Two deaths in hotel a murder-suicide
Police tried to contact the man inside the hotel at about 4:30 p.m. yesterday, after his relatives in Michigan told them he was suicidal, police spokesman Duane Fish said. The relatives also said the man claimed to have killed his girlfriend Saturday night.
Soon after arriving at the four-star, downtown hotel, police reported hearing a loud noise in the man's room that sounded like a shotgun being fired.
Police spent the next several hours trying to make contact with whoever was inside the room, with no success. Part of Fourth Avenue between Seneca and Spring streets was blocked off. Hotel guests on the eighth, ninth and 10th floors were evacuated as a precaution, but the hotel's lobby remained open, with guests moving in and out of the building.
Members of the department's SWAT team finally entered the room at about 8:15 p.m., and Fish said they found two bodies.
"Both had obvious signs of violence," Fish said.
He said the man's relatives told police he suffered from depression.
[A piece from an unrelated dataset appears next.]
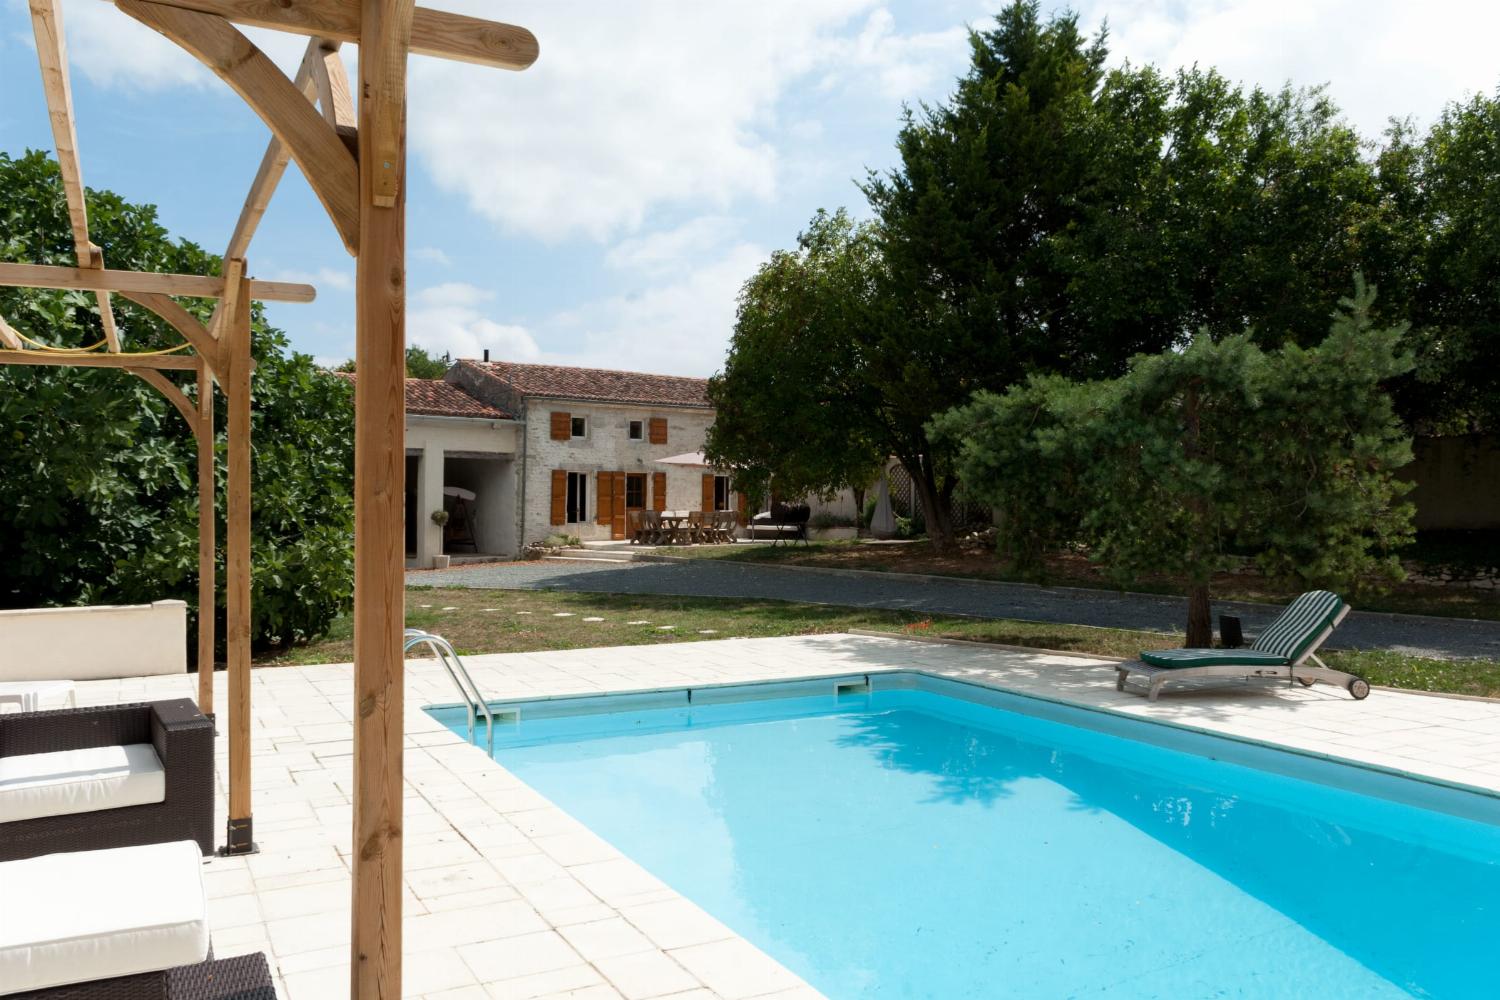 Maison de vacances dans le sud-ouest de la France avec piscine privée
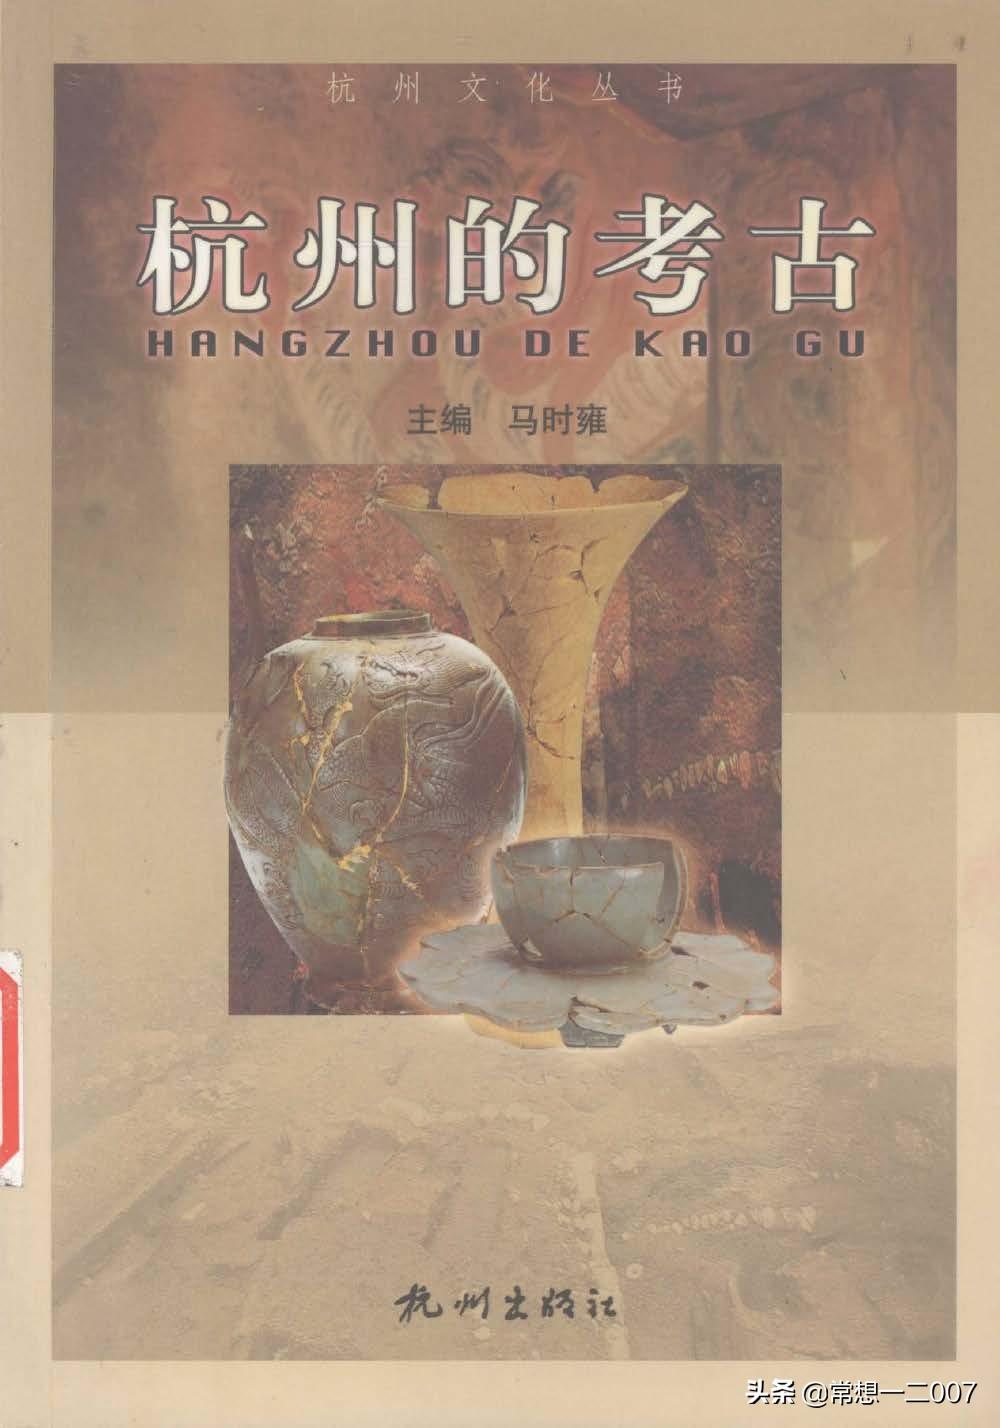 日享一书ZZh01《杭州的考古》

The man checked into the hotel on Friday. The identities of the two have not been released.
Singer had been dead in apartment for two weeks
SEATTLE — Layne Staley, lead singer for Seattle grunge band Alice in Chains, had been dead in his North Seattle apartment for two weeks, his body surrounded by heroin-injection paraphernalia, before a relative discovered him Friday, authorities said yesterday.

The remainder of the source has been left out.